Randy Newman's classic from Toy Story sadly didn't win, as it lost out to... you guessed it... Disney. OK, Toy Story is technically Disney too, but still. The award that year went to 'Colours of the Wind' from Pocahontas.
A different Celine Dion song ('Because You Loved Me') lost out in 1996, but there could only be one winner a year later, as her Titanic theme was the obvious choice. 'How Do I Live' - made famous by LeAnn Rimes and taken from Con Air of all films, was also nominated.
Diane Warren's song written for Aerosmith taken from the Armageddon soundtrack was a huge hit around the world, but it lost out to 'When You Believe' by Mariah Carey and Whitney Houston from The Prince of Egypt.
Eminem became the first rapper to win Best Song at the Oscars in his semi-autobiographical movie 8 Mile, and the song itself was a huge hit around the world.
Despite being nominated three times and having the power of Beyoncé, the popular musical didn't win in 2006, and instead lost to 'I Need to Wake Up' from the climate change documentary An Inconvenient Truth.
This indie musical was the surprise winner in 2007, but once you've heard the beautiful ballad by Glen Hansard and Markéta Irglová, it's easy to understand why it won.
James Bond FINALLY won an Oscar for Best Song after Adele took on the task for the Daniel Craig movie, beating a new song from Les Miserables in the process.
It was always going to be a win for this monster Disney hit, as sung by Idina Menzel, but it did have to beat the monster hit 'Happy' by Pharrell Williams from Despicable Me 2.
No wins for 50+ years and suddenly two in a row for Bond.
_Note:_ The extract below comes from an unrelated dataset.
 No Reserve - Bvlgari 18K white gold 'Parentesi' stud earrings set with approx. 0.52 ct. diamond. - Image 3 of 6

This time, Sam Smith won the big prize for his Spectre ballad. It also stopped The Weeknd's 'Earned It' from Fifty Shades of Grey.
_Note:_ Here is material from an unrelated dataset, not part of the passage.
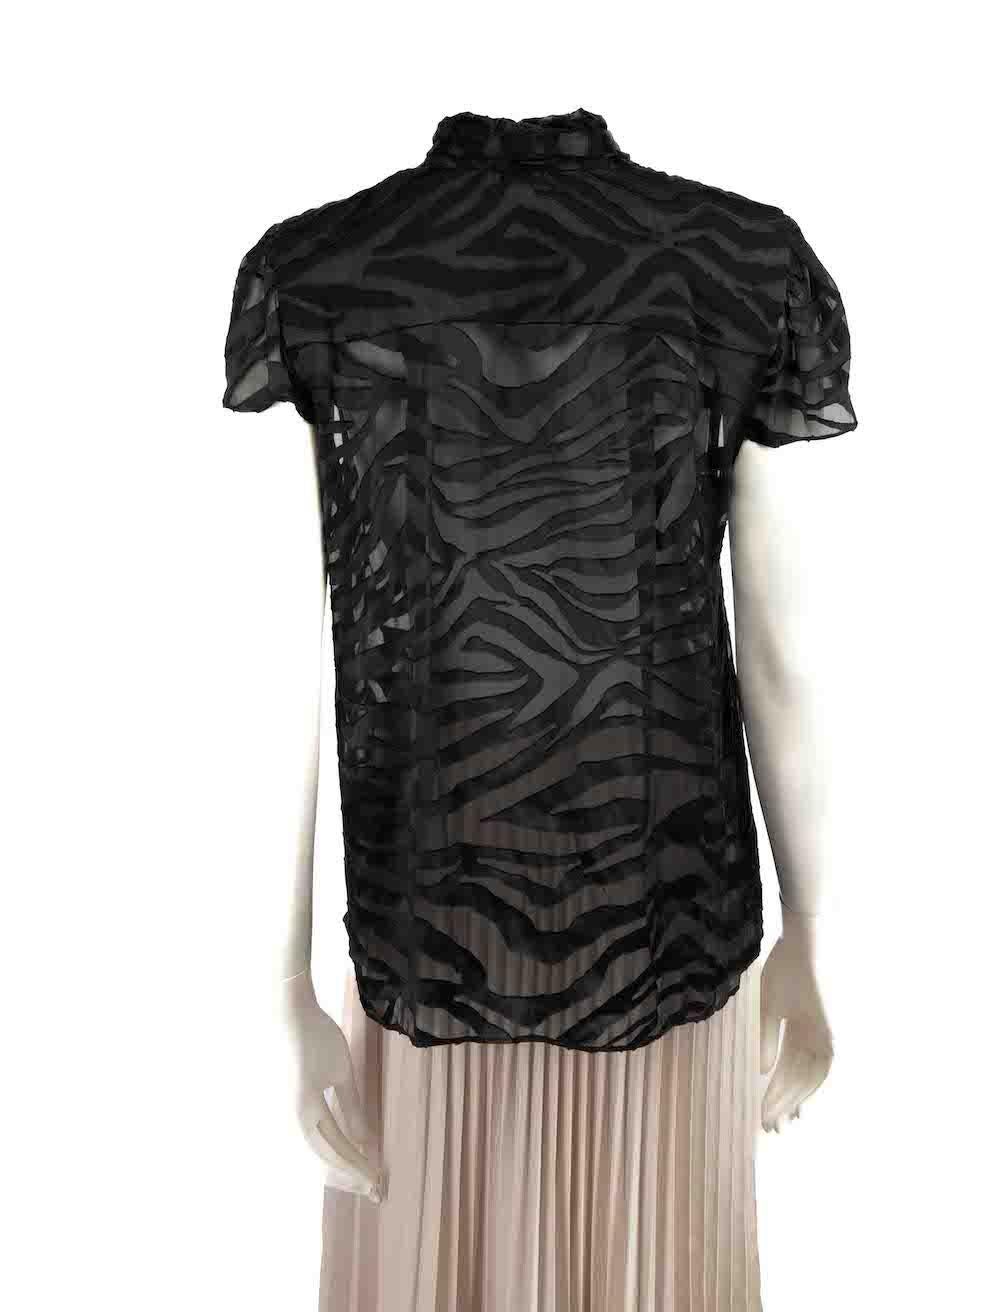 Alice + Olivia Black Zebra Jacquard Sheer Blouse Size XL In Good Condition For Sale In London, GB

It might not have won the Best Picture award (after a messy mix-up!), but it at least won the Best Song award, beating Justin Timberlake's huge 'Can't Stop the Feeling' from Trolls in the process.
The Greatest Showman is one of the most successful musicals of all time, but it didn't manage to win the Oscar for Best Song. It was beaten by 'Remember Me' from Coco, if you can actually remember it.